Everything is in the question, can you help me?
On
Note: Git Gud's answer has the right idea, but unfortunately it quotes a result from the original version of the question which was incorrect, and as a result, misses a key step which the actual solution requires. This answer simply seeks to rectify that mistake, but makes references to ideas explained more fully in Git Gud's answer.
Firstly, we are given the (correct) integral, $\,\displaystyle \int_{\gamma(0,1)} \frac{5z^²-8}{z^3-2z^2}\, dz=4\pi i$, where $\gamma(0,1)\colon [0,2\pi ]\to \mathbb C, \,\,\theta \mapsto e^{i\theta}$.
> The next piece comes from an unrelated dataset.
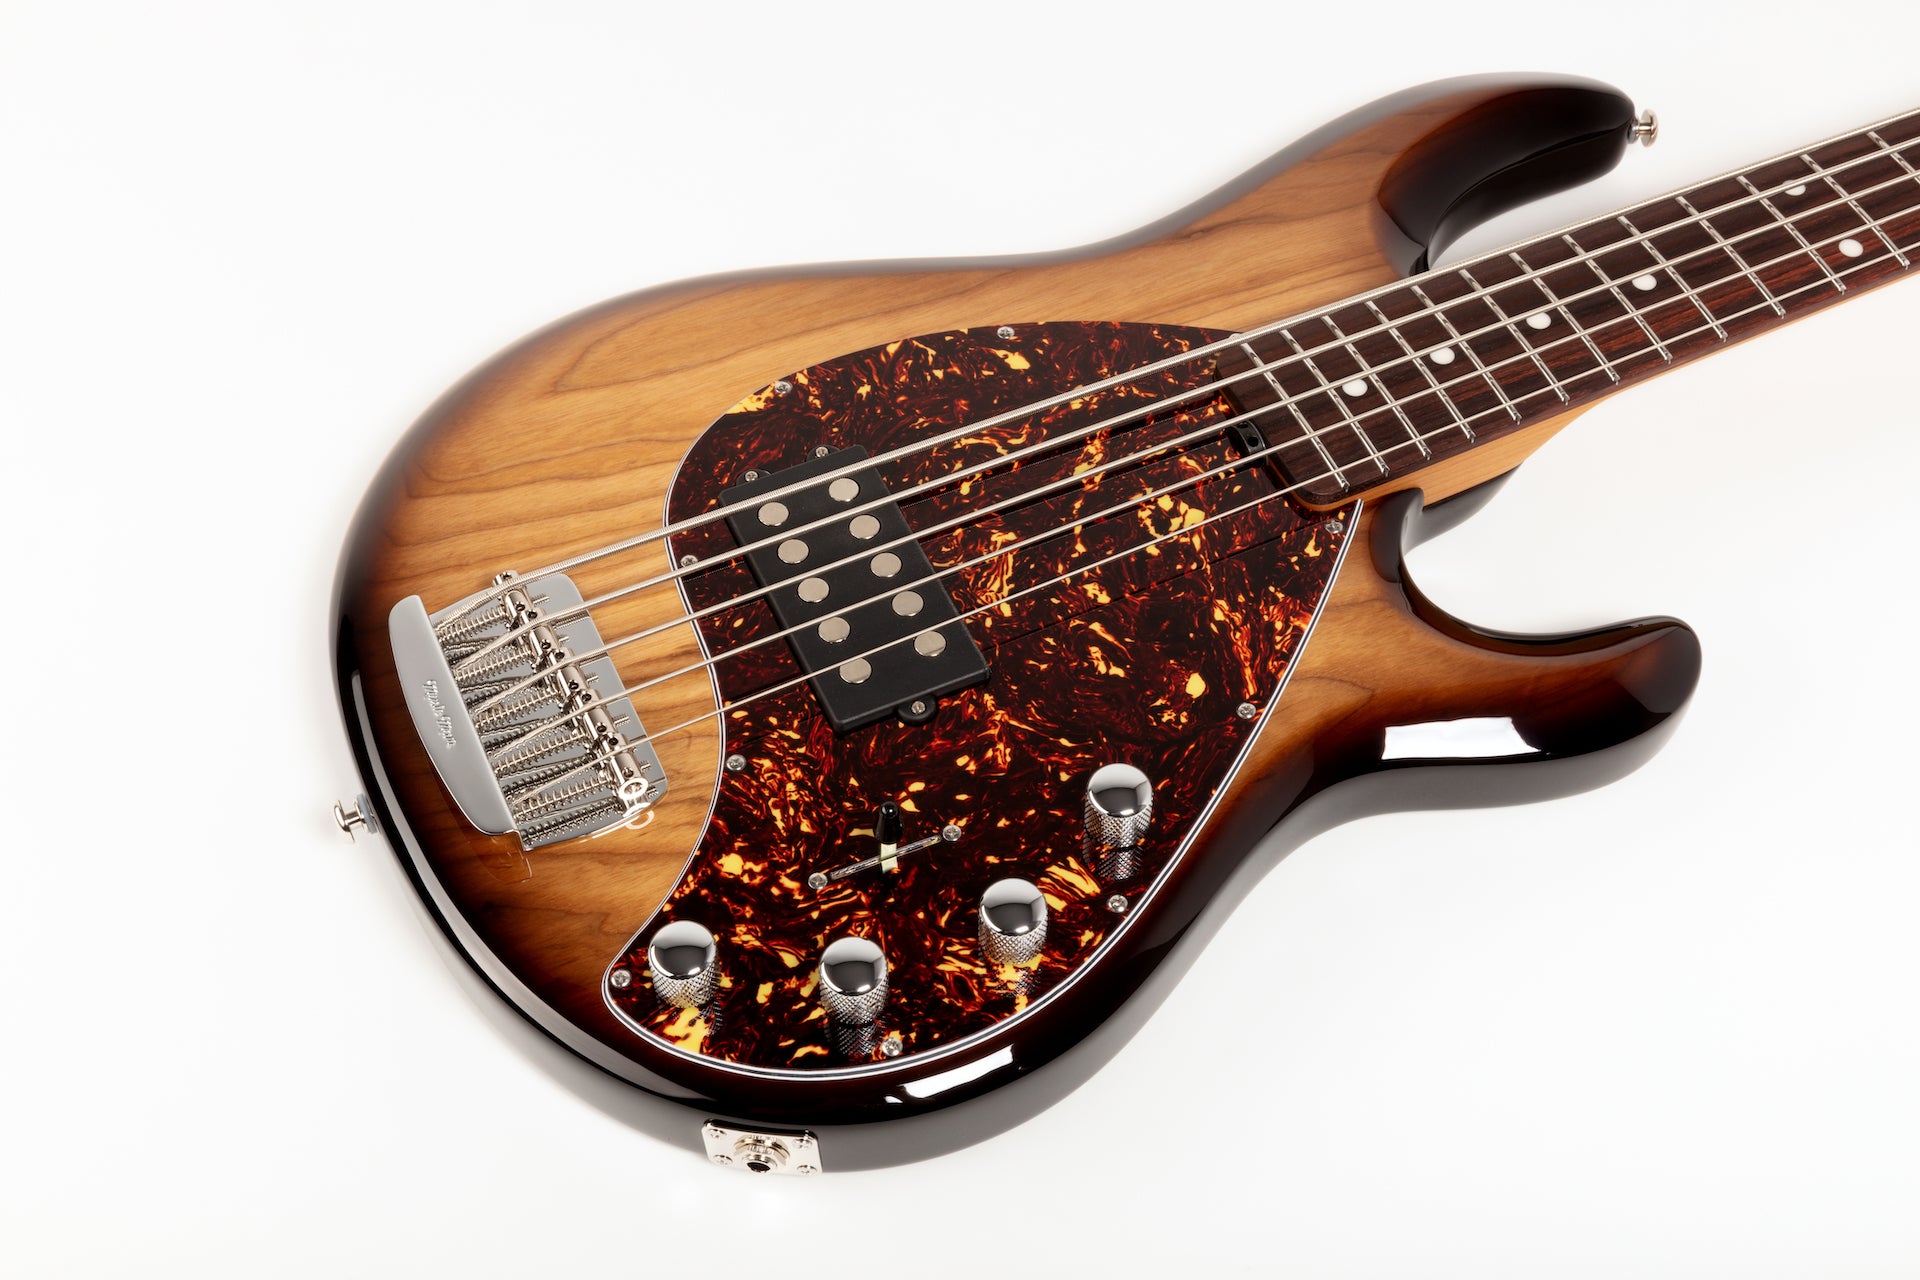 Ernie Ball Music Man StingRay Special 5 Bass Guitar - Burnt Ends with Rosewood Fingerboard F95728 - HIENDGUITAR   Musicman bass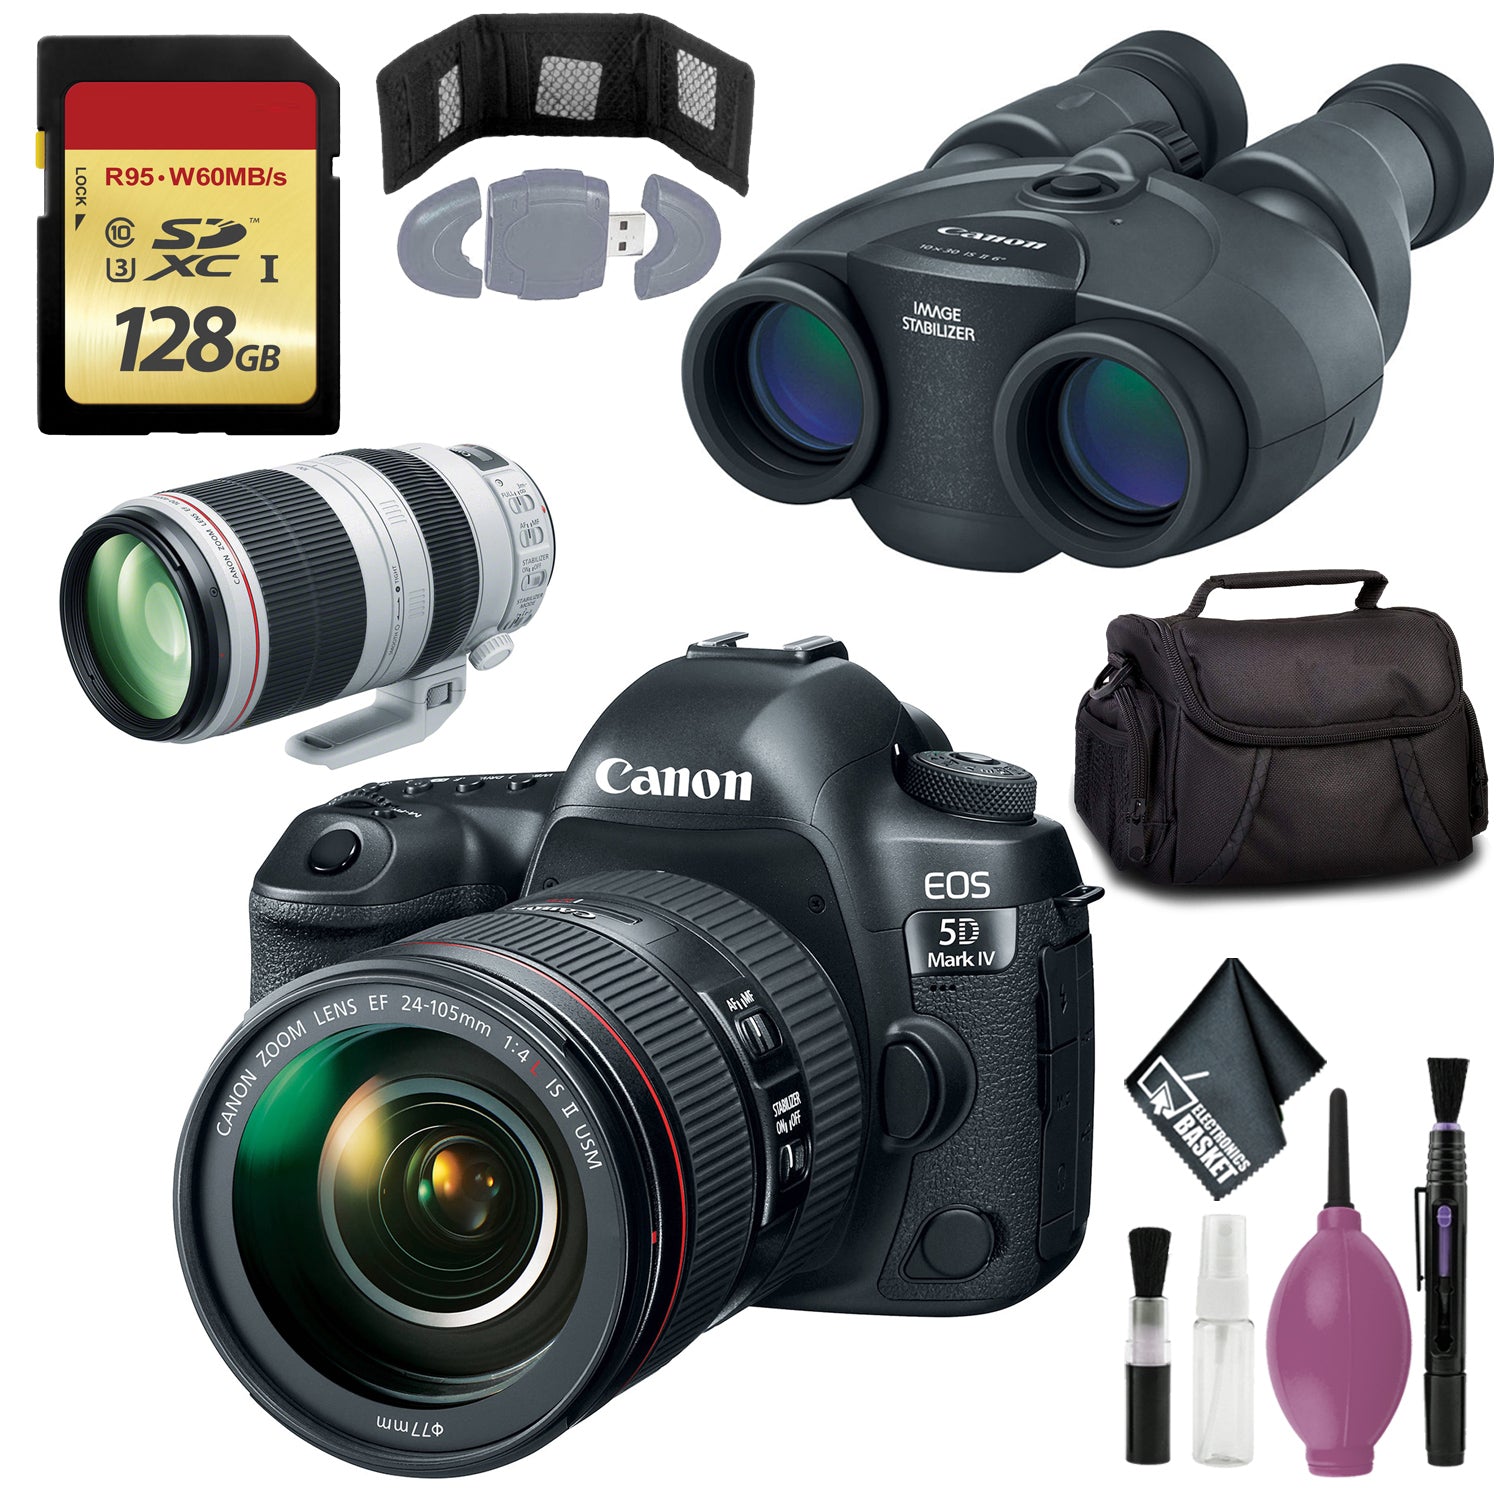 Canon 10x30 IS II Image Stabilized Binocular - EOS 5D Mark IV DSLR Camera w/ 24-105 f/4 II Lens - Case

What we would ideally want to do is play around with integrating around multiple loops of the pole at $z=0$ to get integrals that are integer multiples of $4\pi$. Unfortunately, this will not get you an integral which equals $-2\pi i$ or $18\pi i$.
However, the integrand also has a pole at $z=2$, so we decide to look the integral on a circular path about this. This can be done in exactly the same way in which the above integral is handled. Since this is taken for granted by the OP, I will leave this calculation as a footnote$^\dagger$; what we find is that,
$$\,\displaystyle \int_{\gamma(2,1)} \frac{5z^²-8}{z^3-2z^2}\, dz=6\pi i$$
where $\gamma(2,1)\colon [0,2\pi ]\to \mathbb C, \,\,\theta \mapsto 1 - e^{i\theta} \quad$(i.e. anticlockwise circle, centre 2, radius 1).
Note that the paths $\gamma(0,1)$ and $\gamma(2,1)$ have the point $1$ in the complex plane in common; conveniently, this is the start/end point for both paths (though this was not truly essential) so that we can legitimately just create a new path by composing the two paths together (see Git Gud's answer for more details).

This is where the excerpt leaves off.